January 20, 2013 – Epiphany 2, Treasure in Jars of Stone


To listen to the sermon, click here: Treasure in Jars of Stone

One thing that happens as we grow older is that we gain a new perspective on things. If you had written the story of your life in your 20’s or 30’s, when you were still in the thick of raising a family and making a home and establishing yourself in a career, it would be a very, very different story than you might write thirty or forty years later, when your children were grown and you look back on all the events of our life with the perspective of time and experience. When I was going through my time of discernment before I began the process leading up to ordination, one of my assignments was to write a spiritual autobiography. It was a really good learning experience for me, because as I recalled the events of my life I began to recognize God’s fingerprints all over everything. Those times that I remembered struggling or feeling bewildered, times when circumstances seemed senseless or overwhelming – looking back, I could see God at work, leading us as a family and me as an individual, building strengths through all those things that just seemed like misfortunes, and bringing blessings in the form of wonderful people and unexpected situations. Things that seemed important at the time were maybe less important in the perspective of time, and things and decisions that seemed trivial were signposts of God’s leading, if only we could have seen that at the time.
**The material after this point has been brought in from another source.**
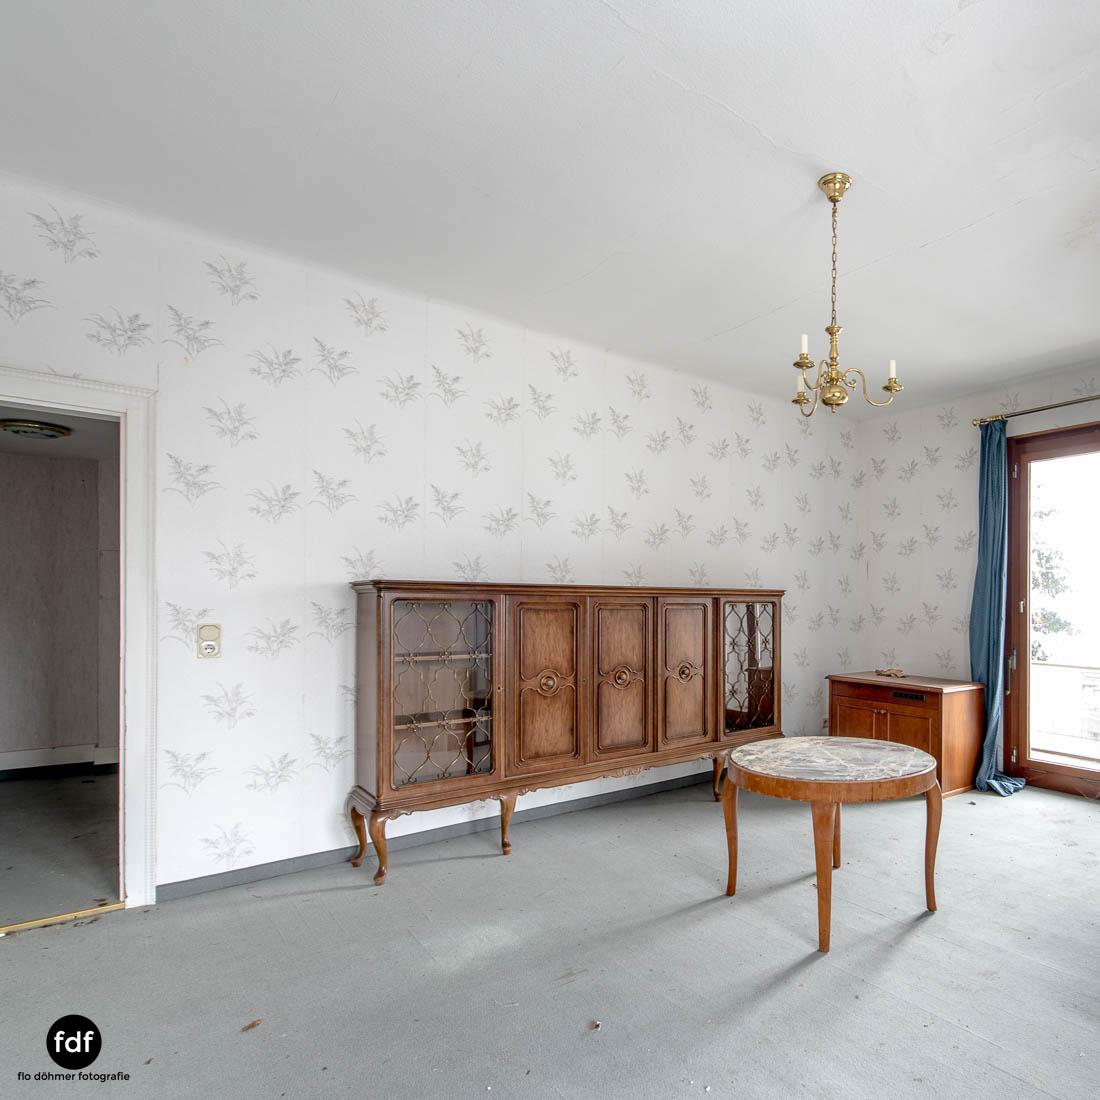 Grand-Hotel-Waldlust-Urbex-Verfall-Freudenstadt-Schwarzwald-130.jpg
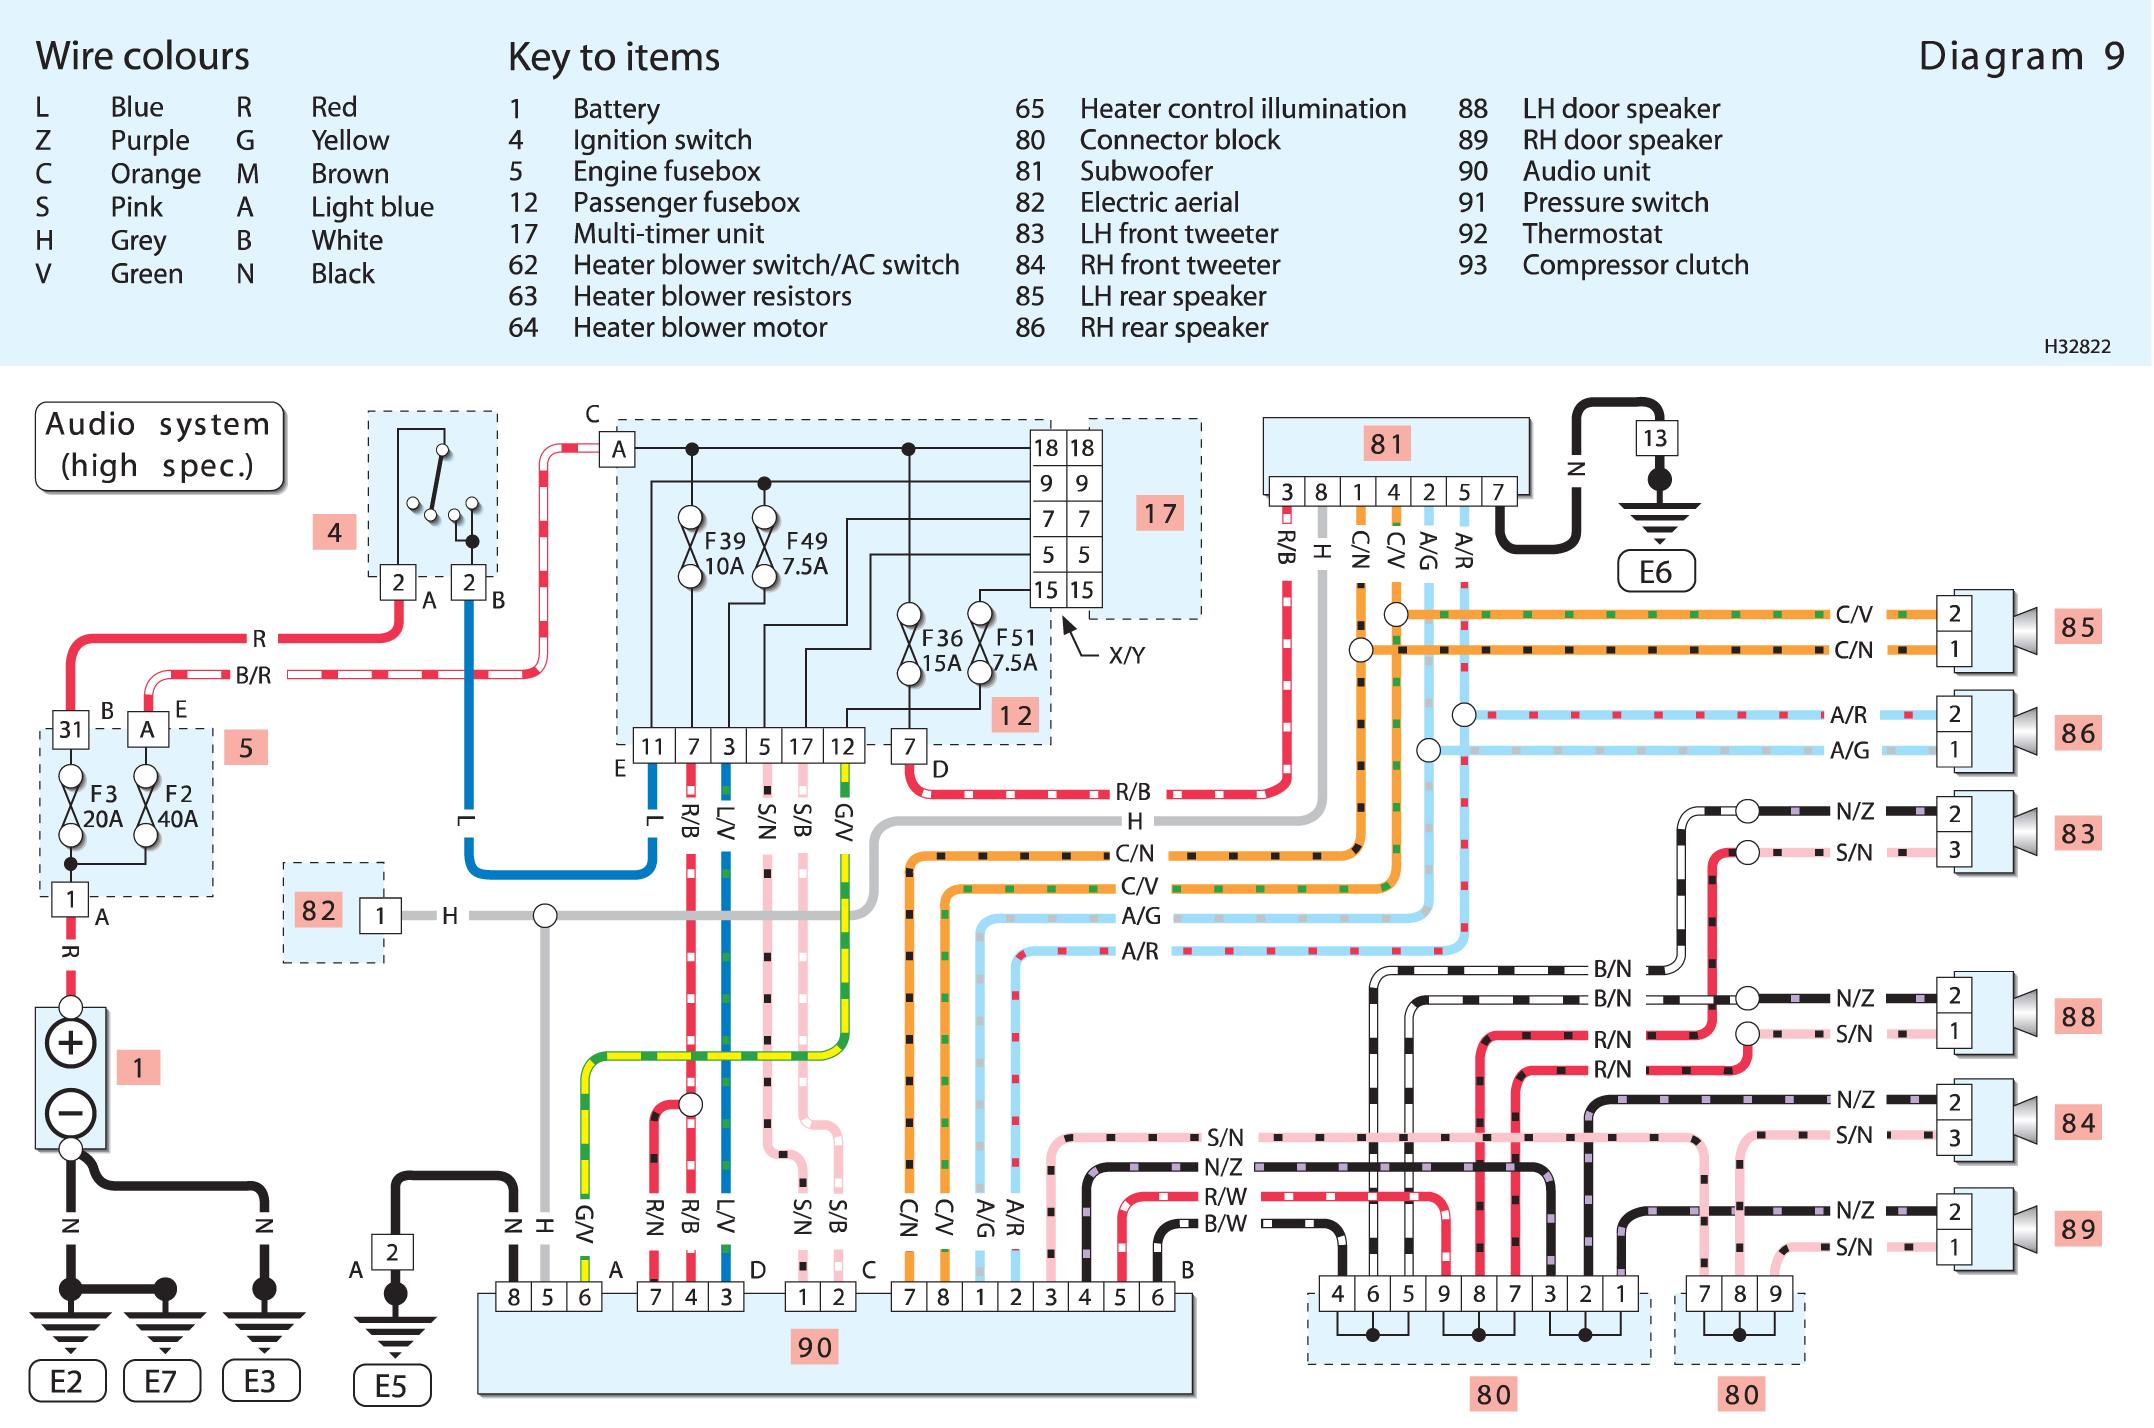 small resolution of fiat uno wiring diagram electrical wiring diagrams amphicar wiring diagram fiat stilo wiring diagrams

And I think that one of the things that makes the gospel of John different from the other gospels is that John wrote his gospel in his old age, years after he had lived through his travels with Jesus as one of his close friends and disciples, years after his first experiences in the new and growing churches, and after the first persecutions. From this long view of his maturity, John wrote down the things that shone out in his memory as the signs of who Jesus was and what he came to do. After all those years, he had a huge storehouse of memories. At the end of his gospel John wrote, “If all the works of Jesus were to be written down I don’t suppose the world itself could hold the books that would be written.” So much to choose from! So he had to choose carefully which memories to write down, and how to arrange them. And one of the stories John chose to record is the story of the wedding at Cana in Galilee. John’s is the only gospel in which this story is found. No other gospel-writer recorded it as they followed the course of Jesus’s life and teachings and his works of healing. But to John it stood out as a first sign, the first clue, to who Jesus was and what kind of stuff he was about to do.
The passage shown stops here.